Analysis of the spectral exponent has been used as a method for estimating the complexity of HRV. Kobayashi and Musha (8) studied the log-log scaled power spectrum of 10-h HRV in an awake normal young man during bed rest. They reported that in a frequency range of 1.0 × 10-4-2.0 × 10-2 Hz, the shape of the spectrum was straightly linear with a spectral exponent near 1. Their observation was confirmed by Saul et al. (15). Lipsitz et al. (10) compared the spectral exponent of 5-min HRV between 12 healthy young (18-35 yr) and 10 healthy older (71-94 yr) subjects and reported that the spectral exponent was greater in the older subjects than in the young subjects. They suggested that aging may be associated with a loss of dimensionality due to reduced autonomic responsiveness.

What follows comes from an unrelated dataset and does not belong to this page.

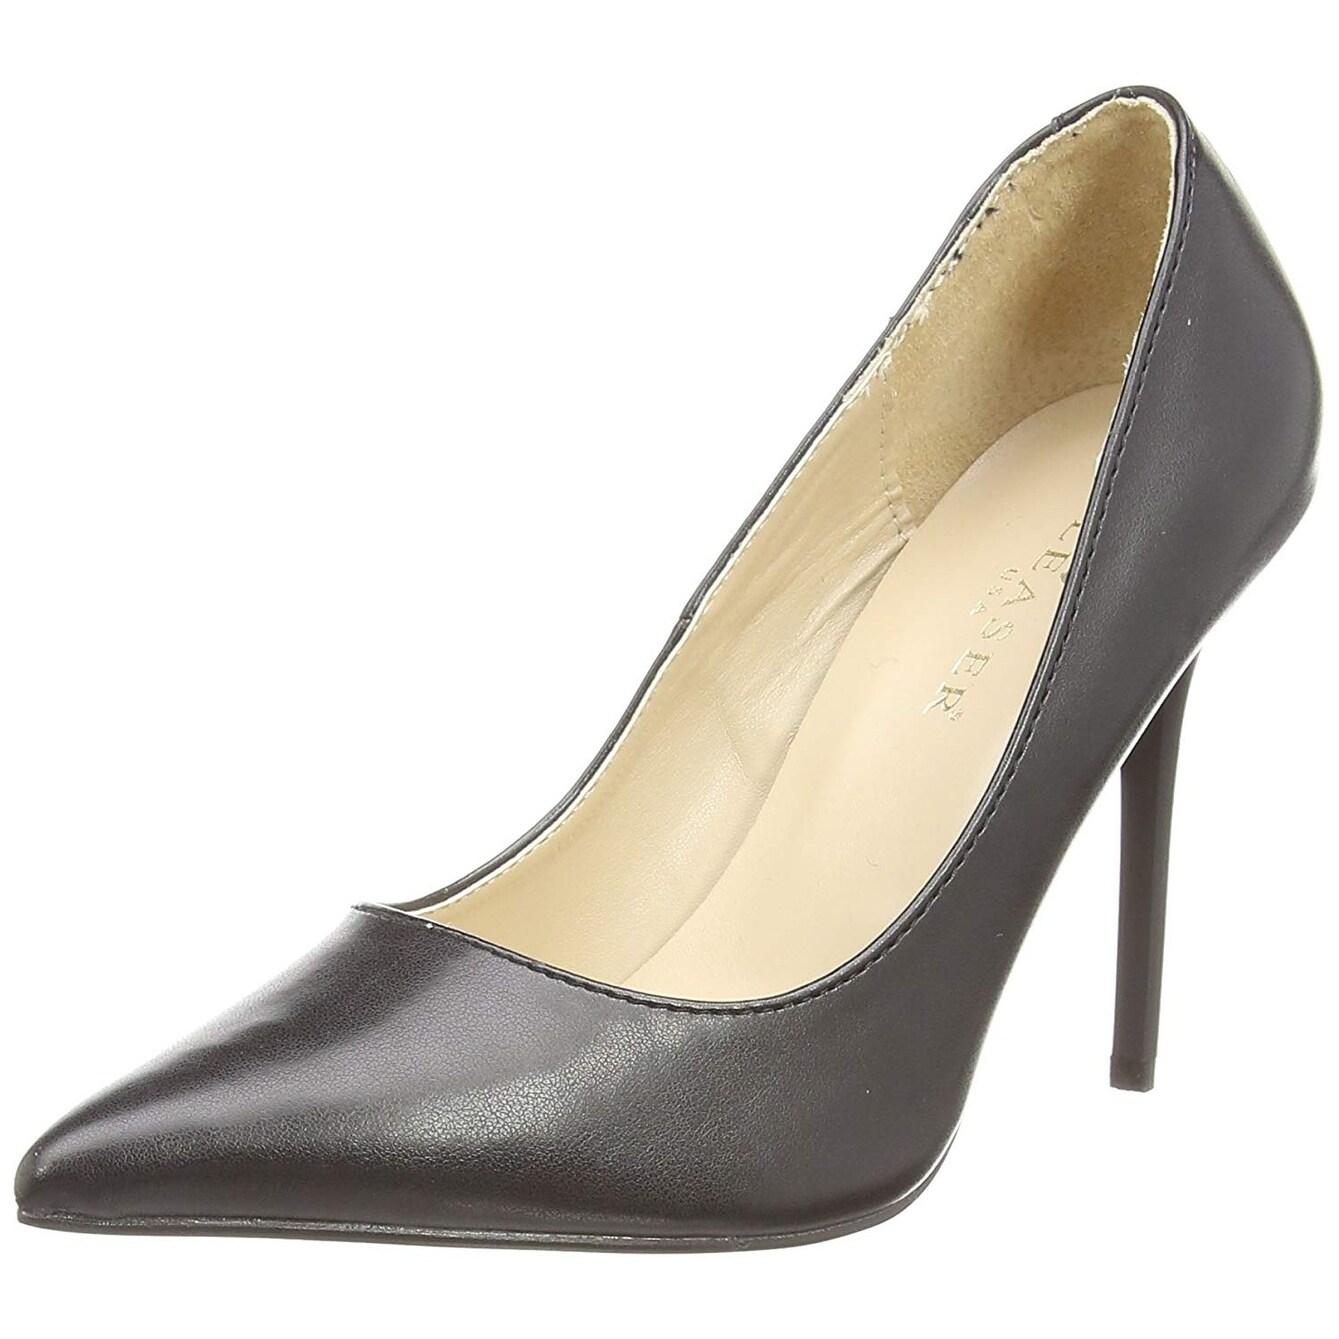 98f9fb4e824 Buy Pumps Women s Heels Online at Overstock
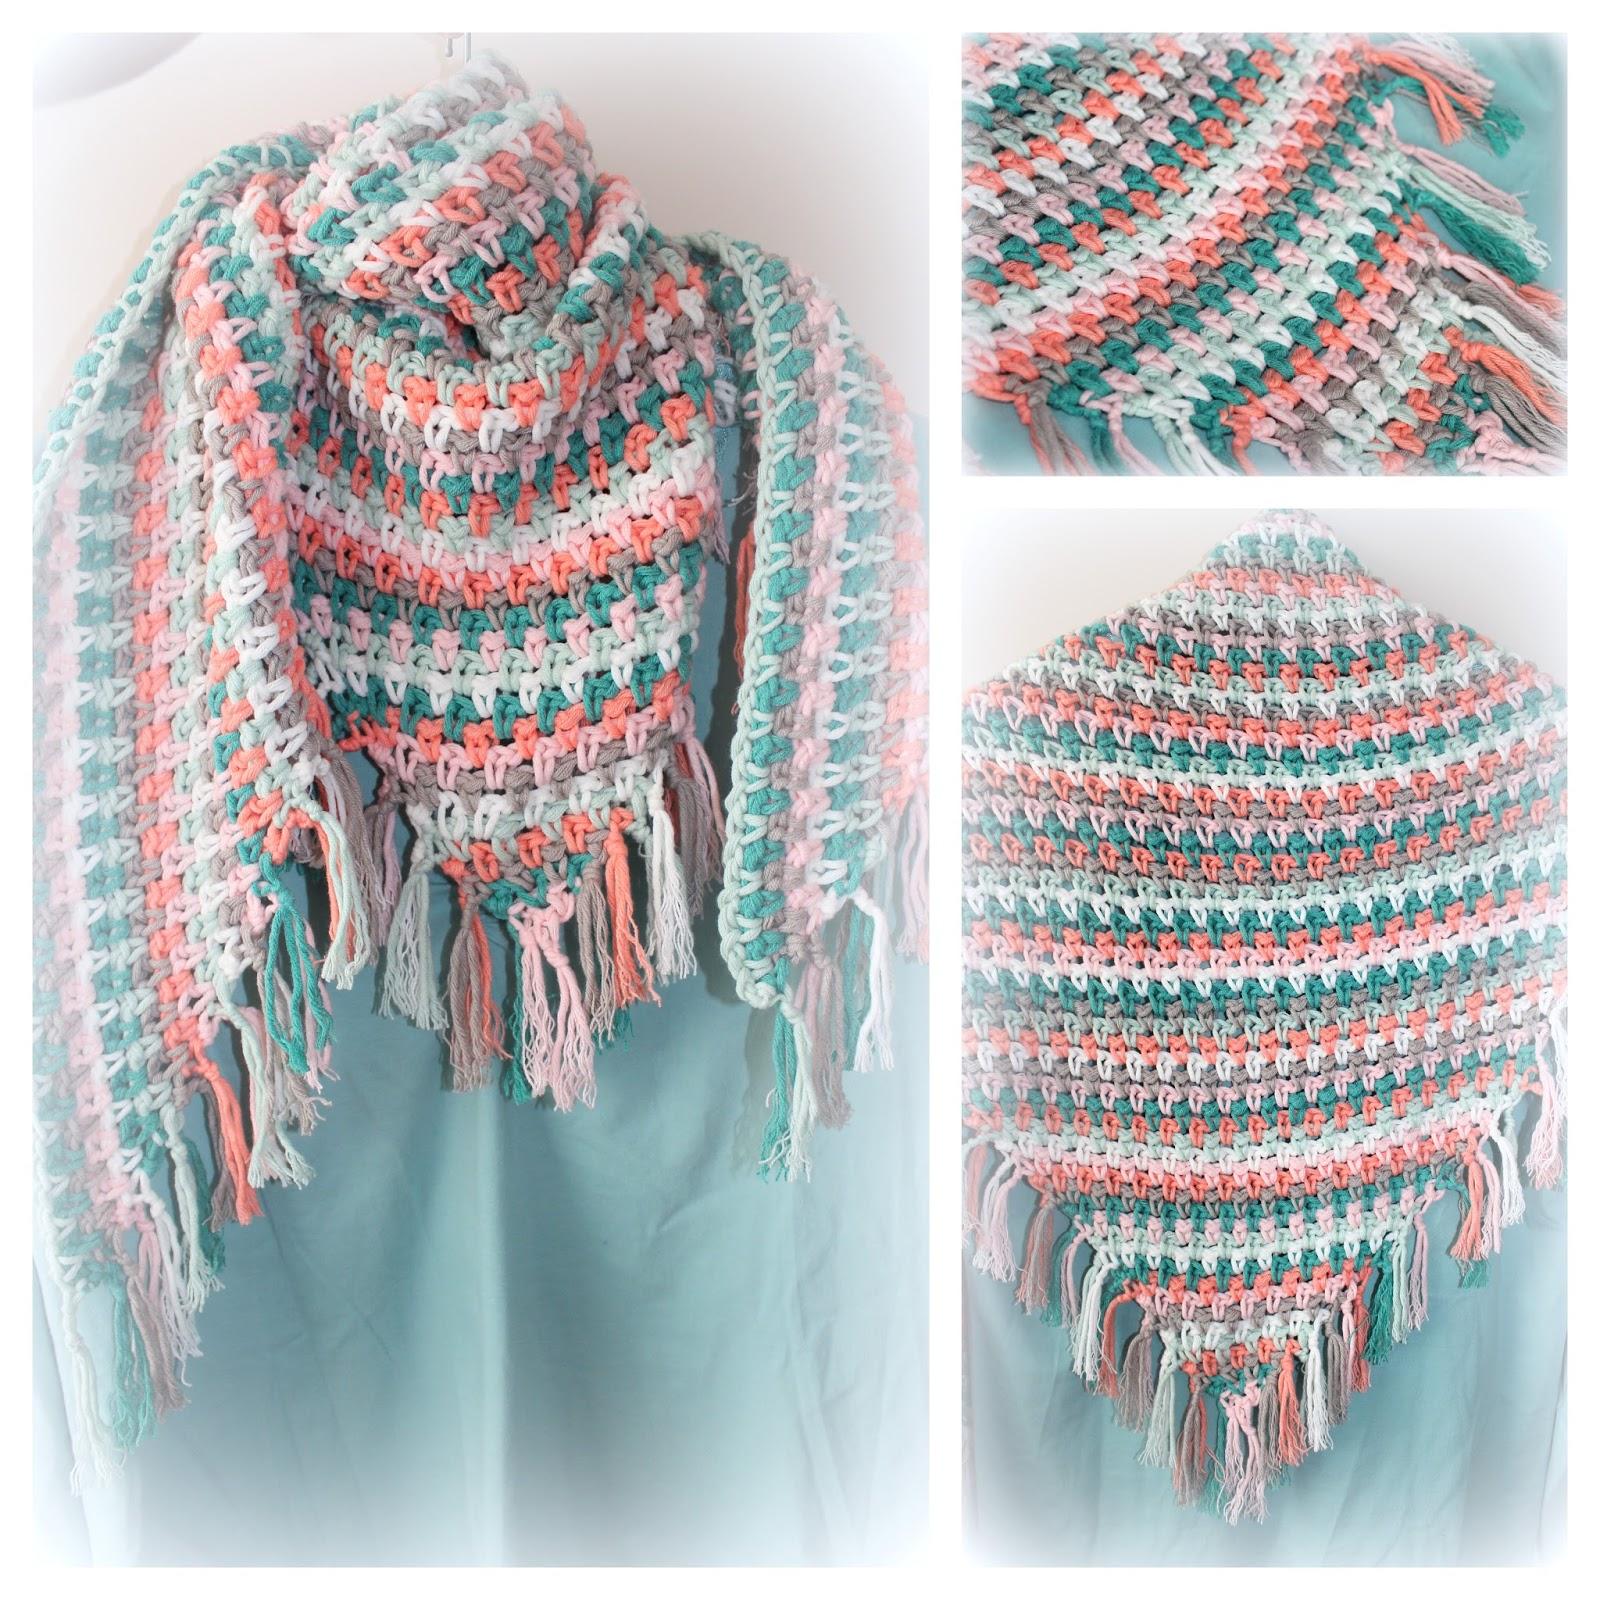 Crochet Of Joy December 2015

Analysis of the spectral exponent of HRV may also have clinical significance. Bigger et al. (1) reported that the spectral exponent of 24-h HRV in a frequency range of 4.0 × 10-4-1.0 × 10-2 Hz was increased in patients after acute myocardial infarction, and the degree of the increase was an independent predictor for death. Butler et al. (3) reported that the spectral exponent of a 256-beat HRV was greater in patients with heart failure than in healthy men. Recently, Huikuri et al. (6), adopting the same frequency range used by Bigger et al. for calculating the spectral exponent of 24-h HRV, reported that a spectral exponent >1.5 was an independent predictor for cardiac and cerebrovascular death in a randomly selected elderly population. These earlier studies were based on the assumption that the nonharmonic component of HRV is ascribed to a single 1/fbeta fluctuation; however, the validity of this simple power law assumption has not been examined for 24-h HRV.

Estimation of the characteristics of the nonharmonic component, such as the spectral exponent, may be confounded by concomitantly existing harmonic components at various frequencies (12, 13, 16, 18). Contamination of the power of harmonic components could result in a spurious bending of the log-log scaled spectrum. Because the power of high- and low-frequency components, well-known harmonic components of HRV, decreases with aging (4, 9, 17), the contamination of power of these components may also result in an age-related increase in the spectral exponent of the frequency band including these components. To resolve these problems, we adopted CGSA, which extracted the nonharmonic component from the harmonic components (21). Using CGSA, we observed that the log-log scaled spectrum of the nonharmonic component of 24-h HRV was a broken line bending downward, although the result was basically the same when we used conventional fast Fourier transformation in the analysis (data not shown).

To examine whether the spectra are straightly linear or bending, we performed regression analysis by a broken line with a single break point. The statistical requirement to indicate that a spectrum is bending, in general, is a significant reduction in the residual variance with broken-line regression compared with simple linear regression. We determined the broken line, inasmuch as that minimized the residual variance, and our method included straight-line regressions as a part of the solution; the difference in the residual variance between the broken line and the straight line did not reach a significant level (data not shown). Nevertheless, our observation of the statistically significant difference in the spectral exponent between the regions above and below the break point (beta a > beta b) seems enough to indicate that the spectra were significantly bending downward; if the spectra were straightly linear, the null hypothesis of beta a = beta b would not be rejected statistically.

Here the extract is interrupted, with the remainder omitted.